Cette promenade devait être une lecture théâtralisée réalisée aux archives de « Pierres Vives » pour la Journée internationale des femmes. Elle est devenue un film. Devinez pourquoi ?

Après un an de préparation, la nouvelle tombe : il n’y aura pas de présence possible le 8 mars 2021… Restent deux mois pour que le projet de spectacle vivant se métamorphose en un spectacle numérique…
C’est donc avec la caméra que je vais suivre 3 femmes, 3 montpelliéraines qui mènent l’enquête. Hélène Bonnet, Brigitte Rambal et Muriel Pagano ont été mes élèves au conservatoire voilà une trentaine d’années, puis membres de mon “Atelier de Jean Claude Grumberg” dans les années 90 au Théâtre Jean Vilar.

Pourquoi Jeanne Galzy, écrivaine aussi célèbre que son amie Colette au début du XXème siècle a-t-elle sombré dans l’oubli même à Montpellier où elle est née ?

Elles vont découvrir une femme remarquable mais discrète dont l’œuvre révèle les révoltes, les combats, les transgressions, la modernité et surtout l’amour de la vie.
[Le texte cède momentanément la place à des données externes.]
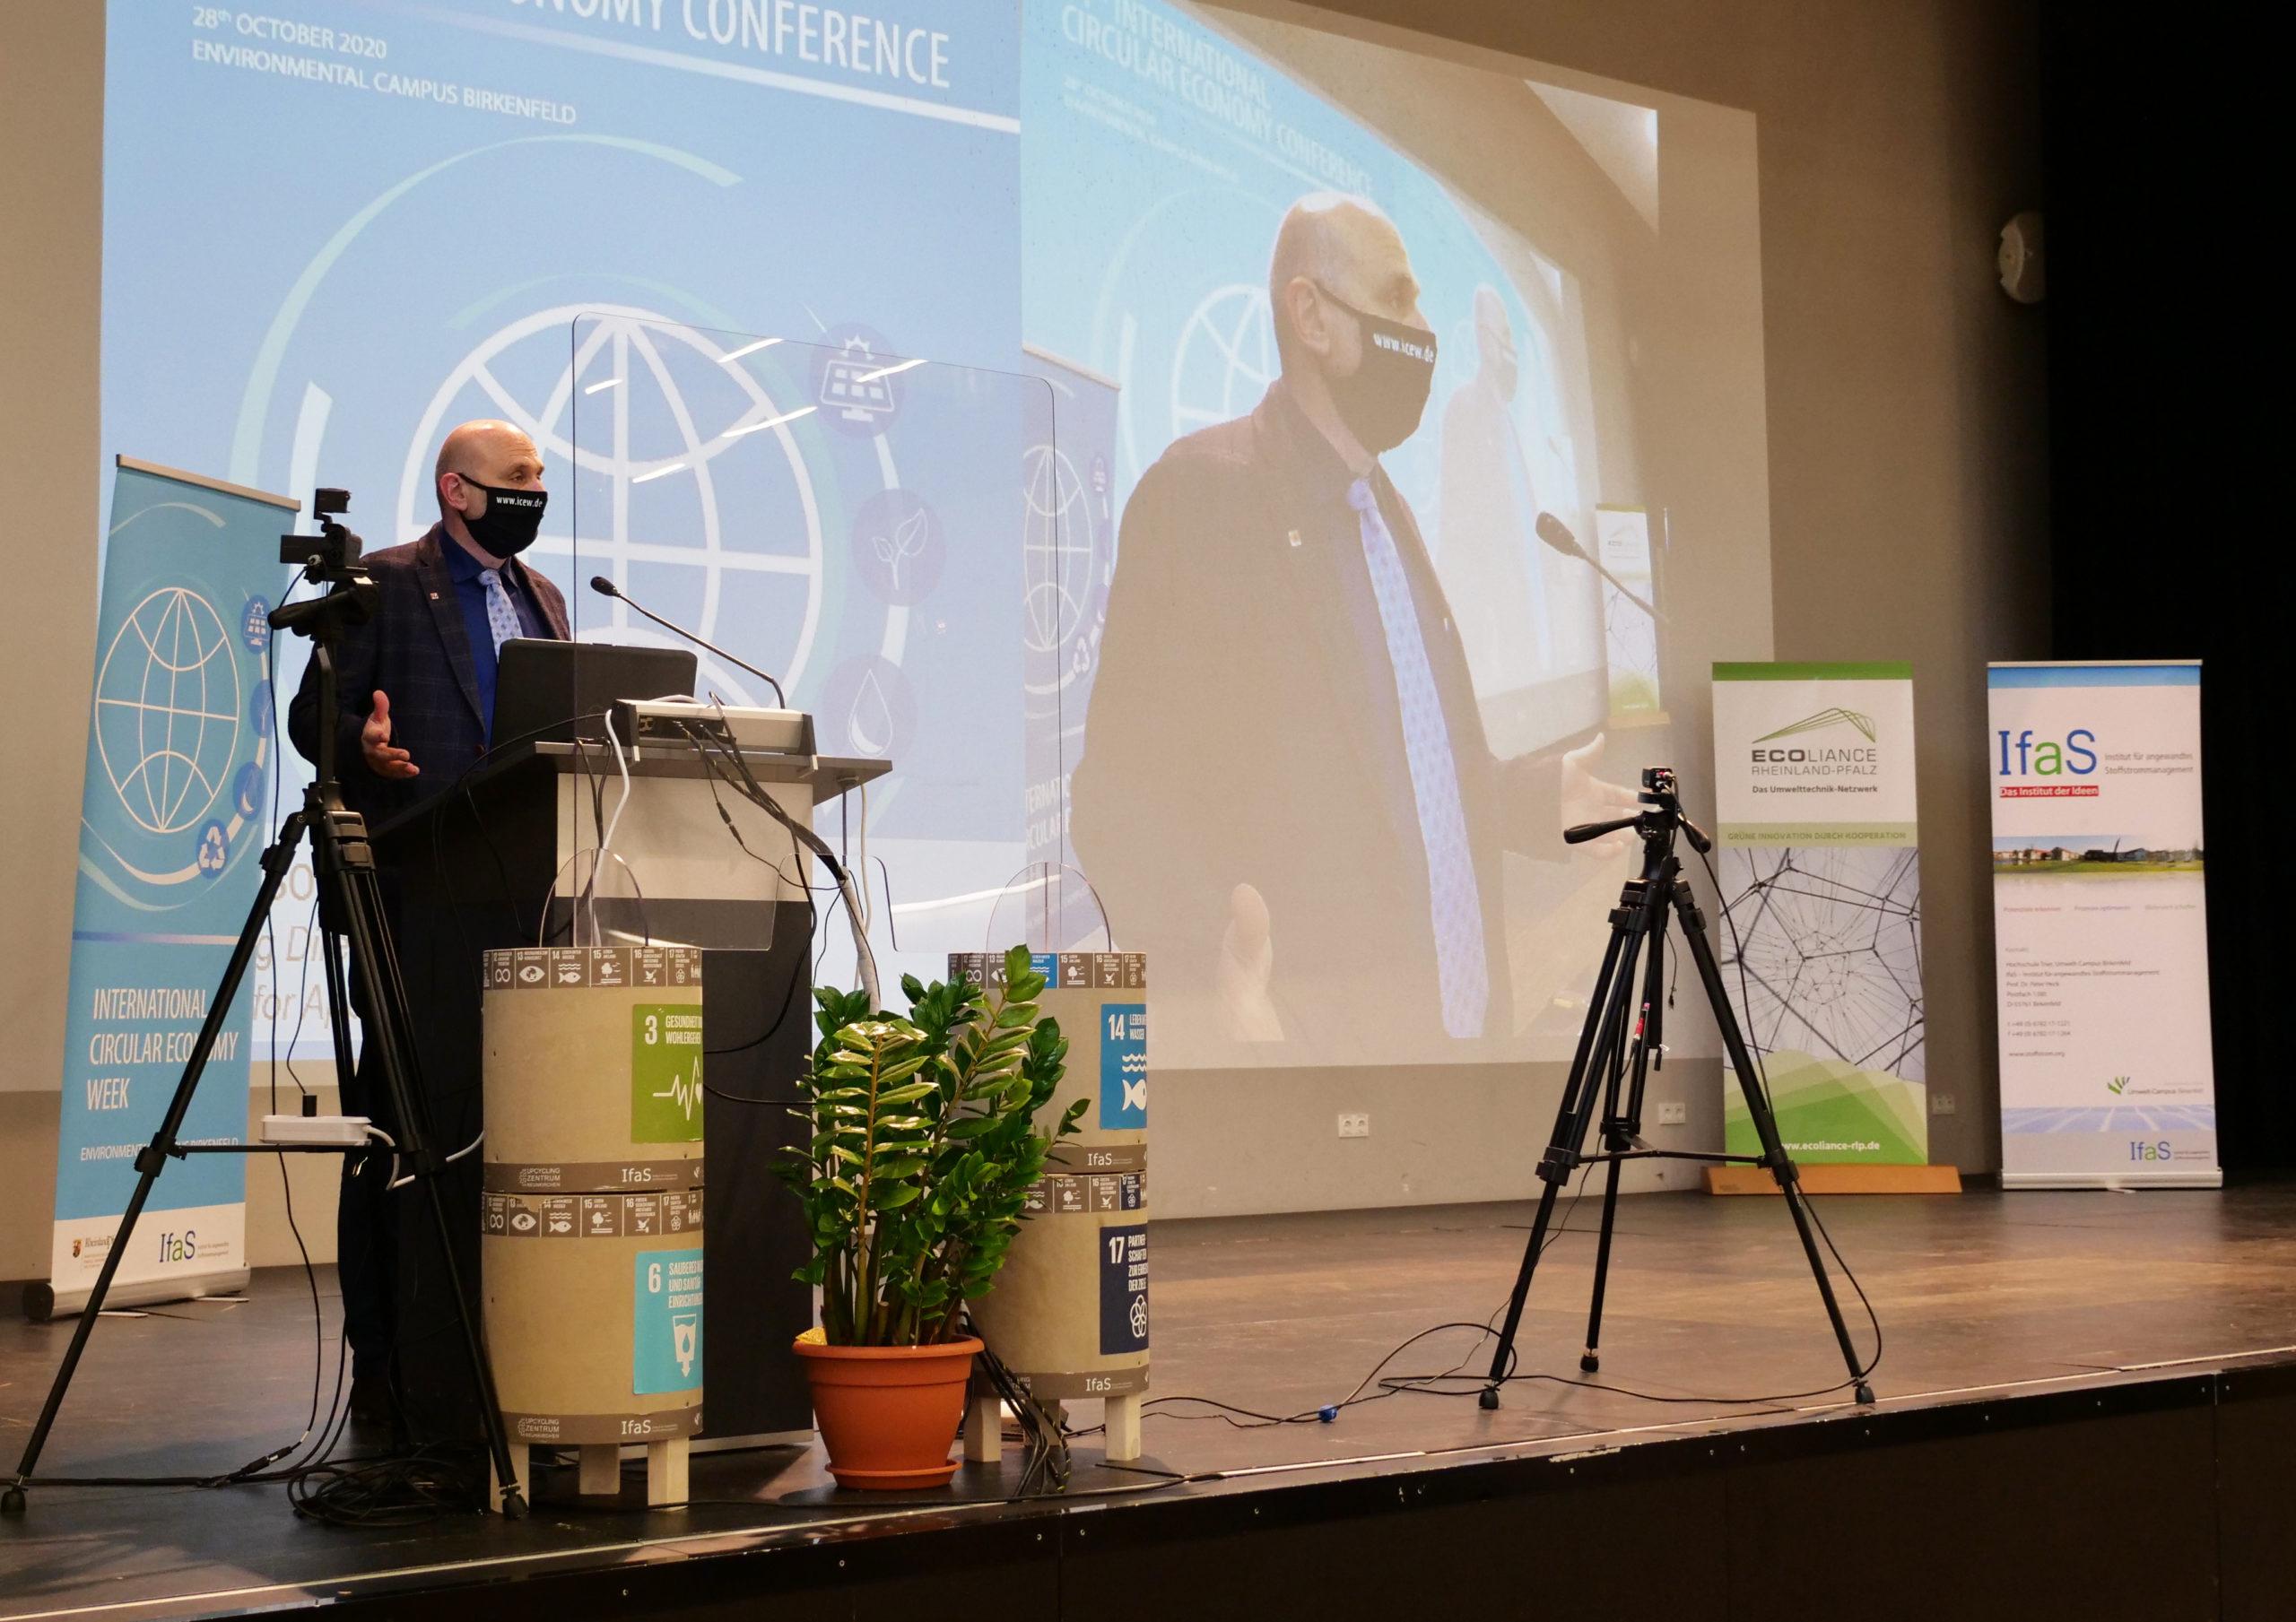 11th International Circular Economy Conference (ICEC) am Umwelt-Campus Birkenfeld

A presque 80 ans, elle entreprend une immense saga dont elle écrira les 4 premiers volumes avant sa mort à 93 ans : “La surprise de vivre”. Elle en prévoyait sept !

Micha Cotte

 

 

(*) Écrivaine majeure, Jeanne Galzy avait soufflé le Prix Femina à Henri de Montherlant et Joseph Kessel en 1923, avec son roman “Les Allongés”, le récit de sa convalescence à Berck, suite au traitement d’une tuberculeuse osseuse. Sous le pseudonyme de Galzy, Jeanne Baraduc a publié de 1912 à 1976 vingt-deux romans, sept biographies, des poèmes et des pièces de théâtre.
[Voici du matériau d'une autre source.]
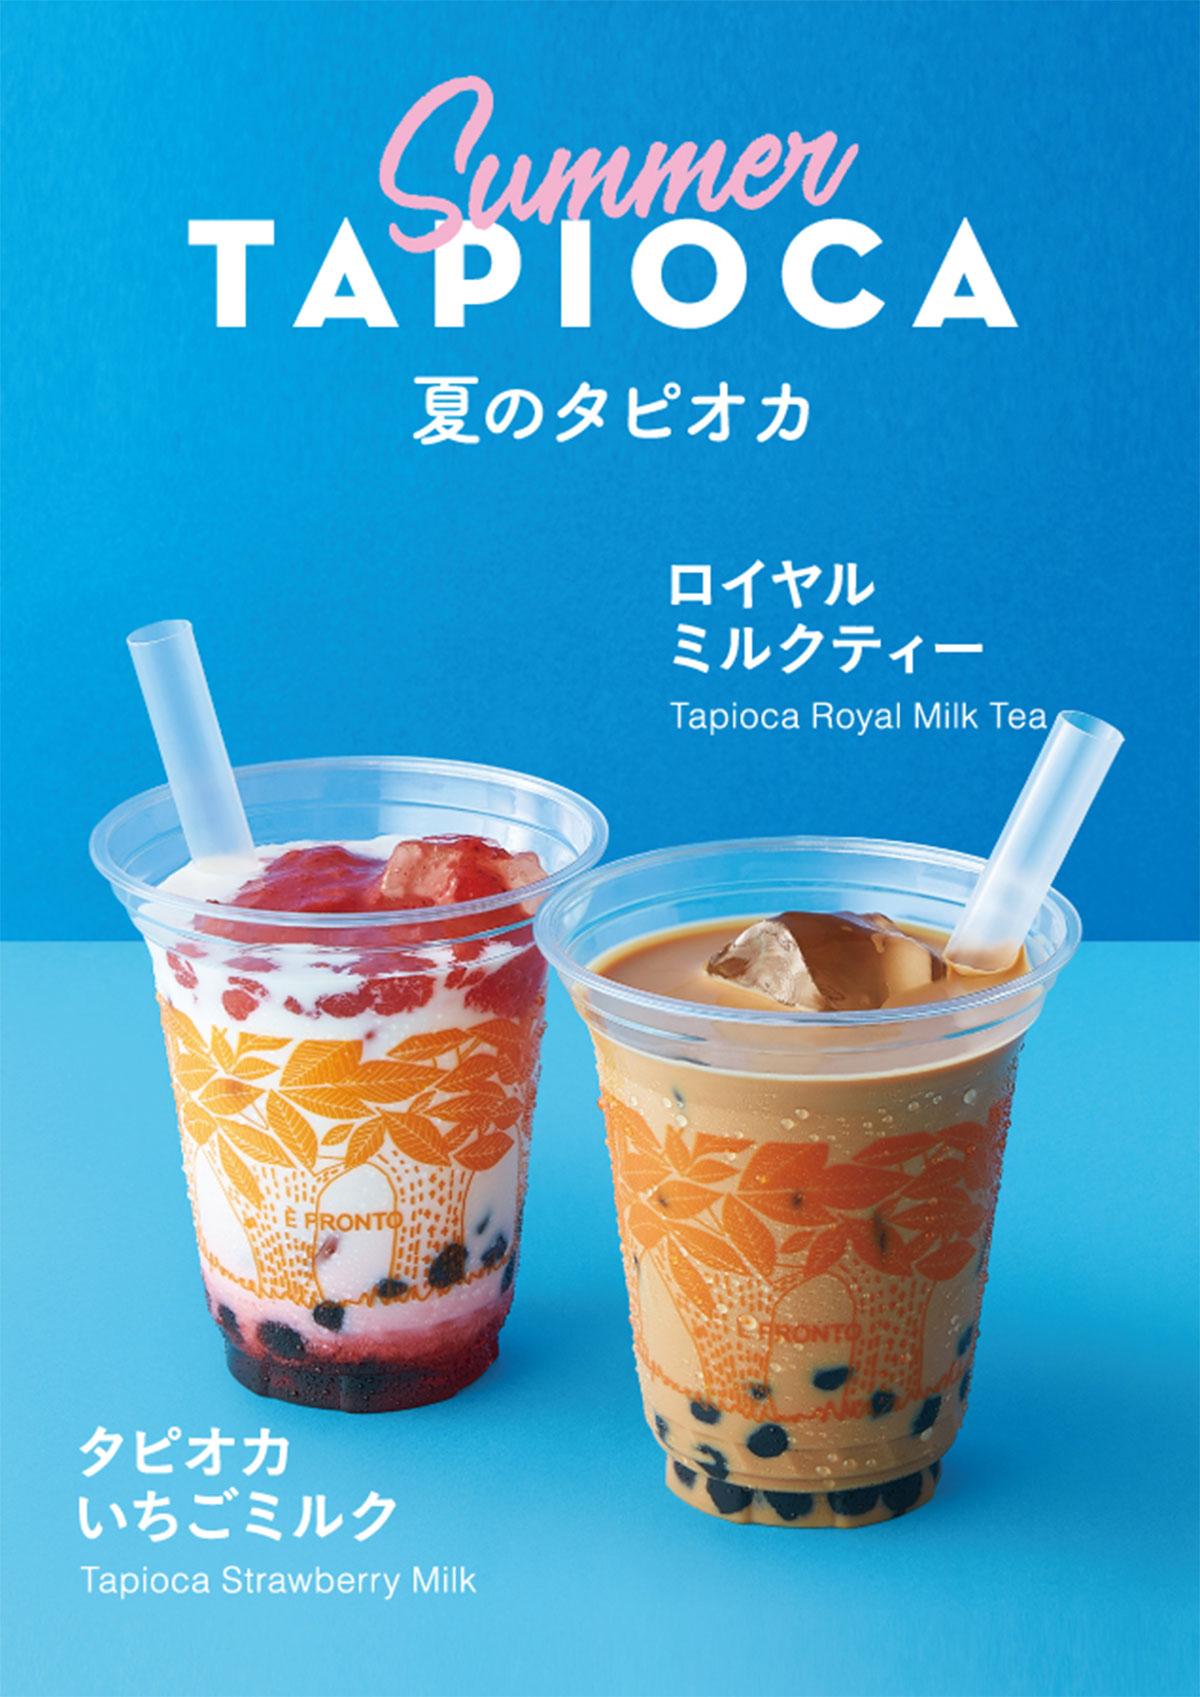 E PRONTO(エ・プロント)ららぽーと海老名店のタピオカドリンク

En 1929, dans “L’initiatrice aux mains vides”, elle évoque une histoire d’amour entre une enseignante et son élève. Une évocation ténue, un frisson qui parcourt toute l’œuvre.

Le silence autour de son œuvre a été rompu grâce à l’excellente biographie  écrite par Raymond Huard (professeur d’histoire contemporaine à la faculté Paul Valéry) qui est le premier à l’avoir remise en lumière en 2009 [“Jeanne Galzy, romancière ou la surprise de vivre”] ensuite, par Michèle Verdelhan, ancienne professeure de sciences du langage à l’Université Paul Valéry de Montpellier qui est parvenue à faire rééditer plusieurs de ses titres par Gallimard et lui a consacré un livre : “Une femme de lettres hors du commun” chez L’Harmattan. A Montpellier, la maison d’édition féministe, Chèvrefeuille étoilée a réédité quant à elle “La Cavalière”.